As the massive geeks that we are, it was obvious to us that our first destination in Japan had to be Akihabara, Electric Town. After World War 2, in the shadow of a weak Japanese government, Akihabara rose as a prominent merchant district, and became home to Tokyo’s black market. Eventually, it became the home for all electronic goods (you can still find tunnels of kiosks below the railway tracks where the owners sell nothing but capacitors, switches and other computing parts) and, more recently, it has become the centre of Tokyo’s Otaku culture.

The UDX Building in Akihabara

Anime, videogames, music… If it’s collectible, you’ll find it in Akiba. Entire multilevel department stores where each floor is dedicated to a different type of geekery: collectible figurines, card games, anime, J-Idol music, videogames, military memorabilia, dolls, construction kits, you name it.

“Gachapon!” machines

Fortunately, Akihabara was very close to Ayase, a few stops and a single change on the metro got us there in less than twenty minutes. On surfacing, the grey skies and threat of rain couldn’t dampen our spirits. We were in the home of geek culture.
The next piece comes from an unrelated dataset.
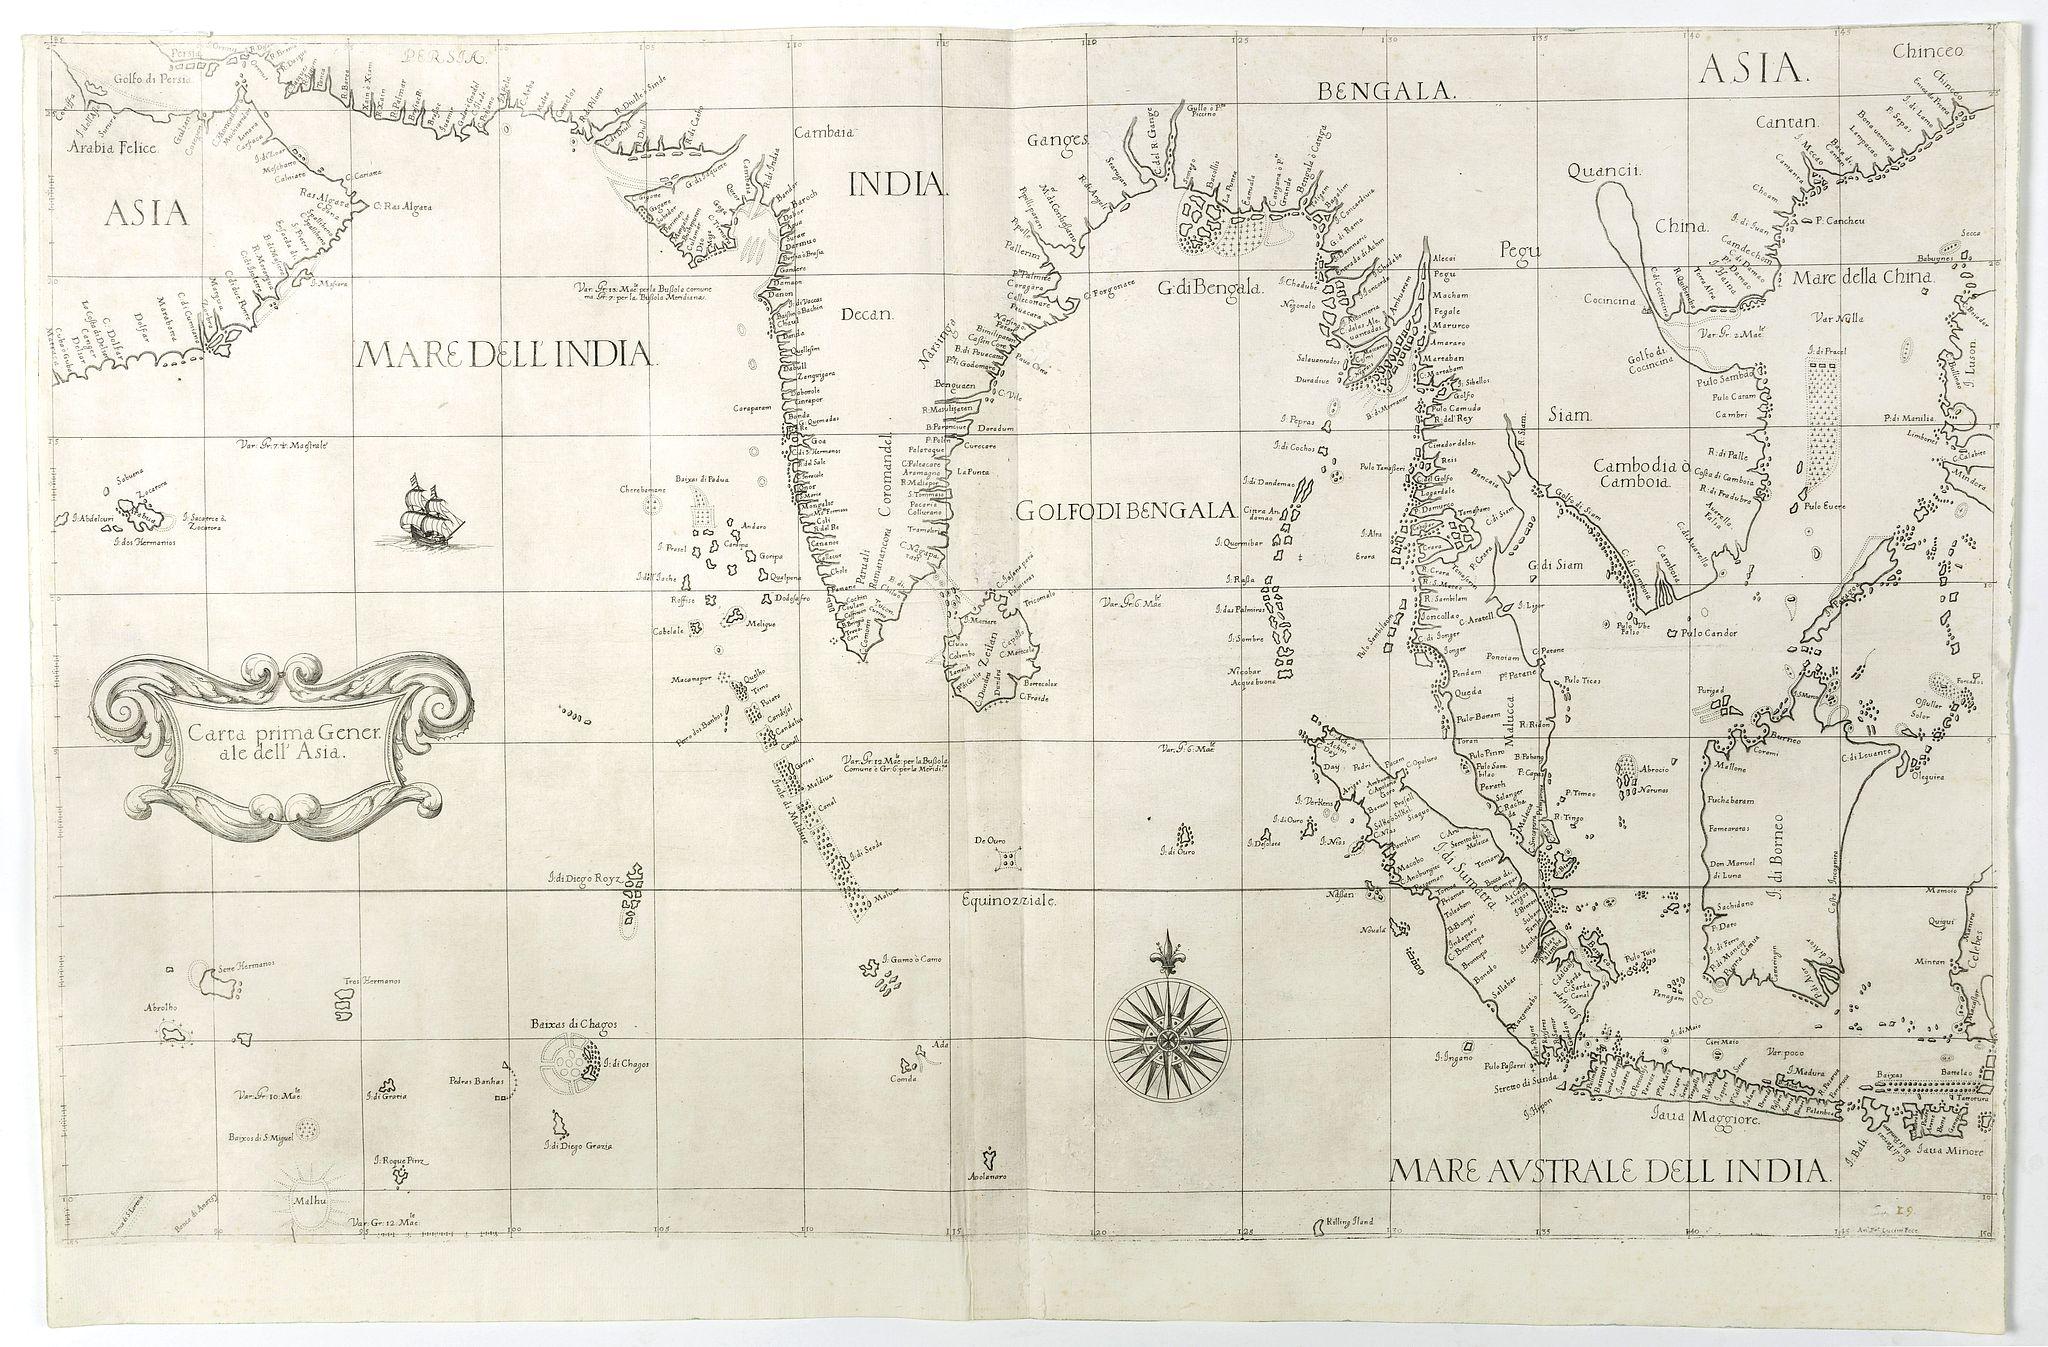 DUDLEY, R. -  Carta prima Generale dell' Asia.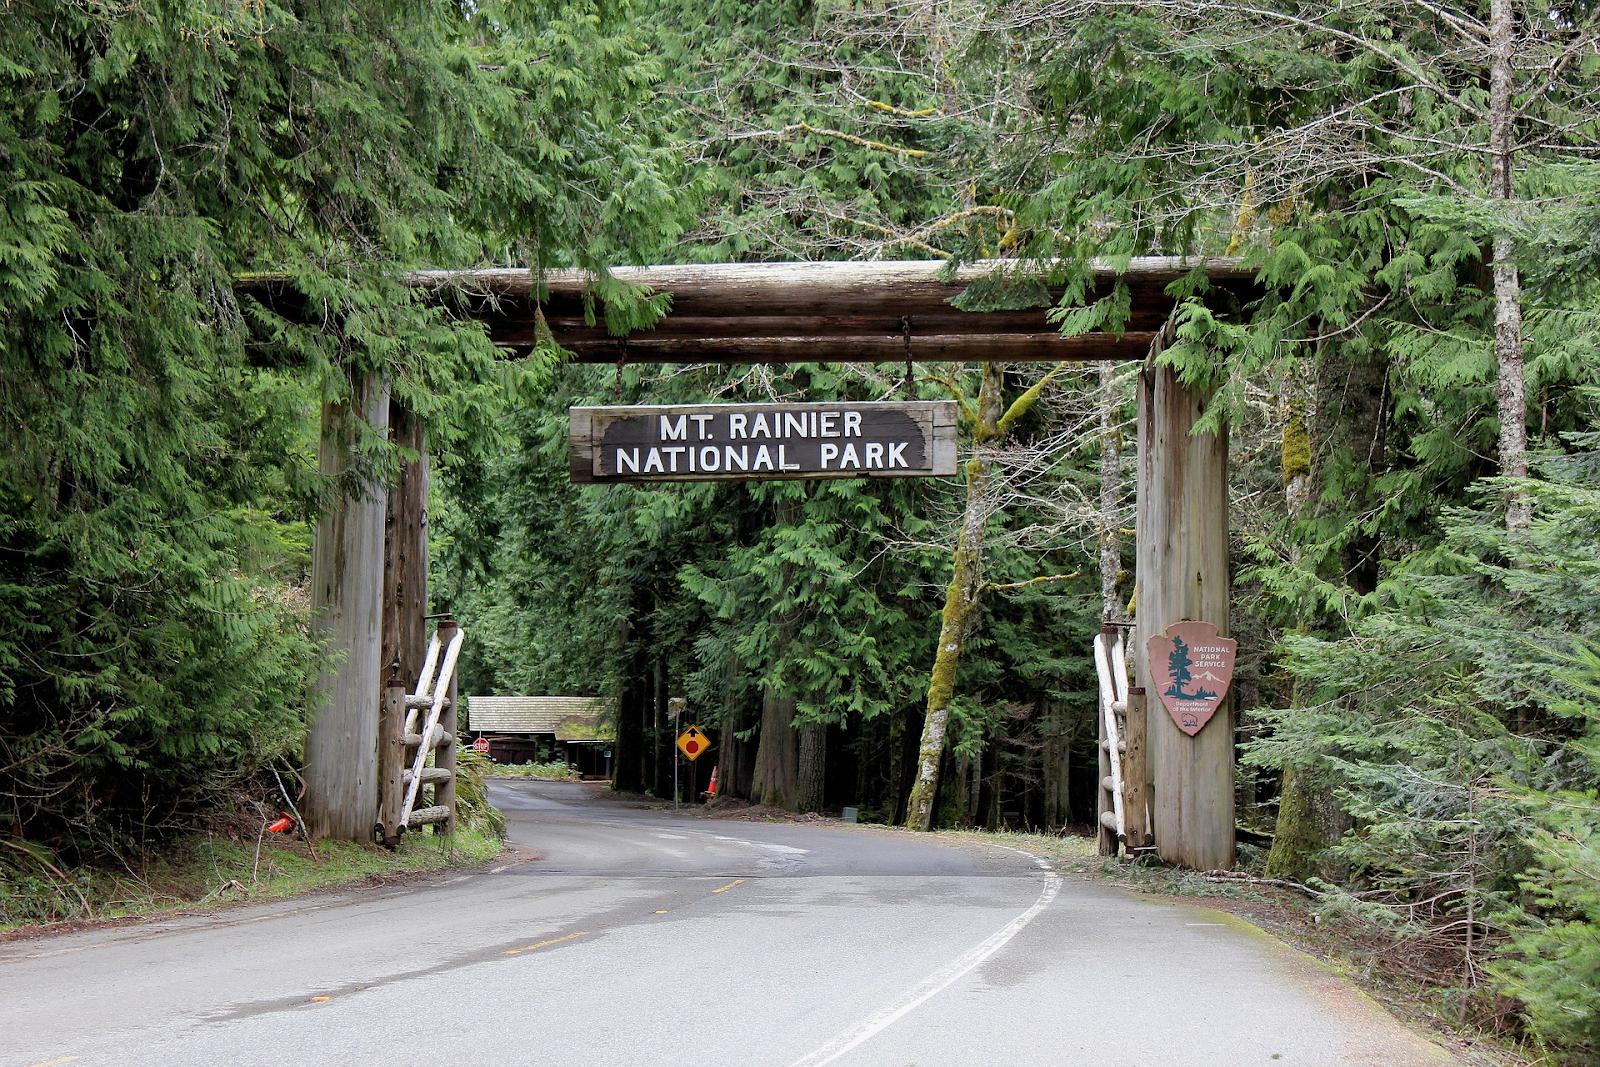 MT. Rainier national park entrance

The Manga floor in Radio Kaikan

We found some of the world’s rarest trading cards on sale for nearly £100,000; we found figurines from our favourite videogames and anime; we found everything we could ever have dreamed for to feed our inner geek. I picked up a Japanese copy of a videogame that I wanted that wasn’t out in the UK yet, and a construction kit to build a tank from another of my favourite videogames. Dan and Lee both picked up some figurines and manga.

A Doll Shop in Radio Kaikan

We had considered grabbing lunch in a Maid Cafe, an establishment where one pays a table fee in addition to the meal, in order to have cute Japanese girls (usually dressed as maids, or with cat ears etc) wait upon you and have proper conversations beyond what we would expect from a waitress. This sounds sexual and creepy but it’s not meant to be, it’s just a part of the culture and a sort of strange roleplay situation. Since we barely spoke any Japanese, we decided against it and instead opted for lunch in a little corner cafe. We placed our order with a vending machine by the door (paying with my metro card was a novelty), sat down and ate ramen and katsu curry.

Lee tries his hands at a Japanese rhythm game

Arcades are something that, here in the UK, are sadly dying out completely. Gone are the days of pumping coins into the nearest Street Fighter machine. In Akiba, not so at all. We got to play games like Tekken 7 and Dissidea that aren’t even out in the UK yet, alongside classic rhythm game machines like Project Diva Arcade. The thunderous roar of arcade machines is something I’ve dearly missed, and I could have spent days, and tens of thousands of yen in those places.
Eventually, long after the sun had set, we perched our weary feet outside Cafe Excelsior with strawberry and banana smoothies. We sat crowd watching whilst we used our guide books and the WiFi box to make further plans, before heading back to Ayase to rest.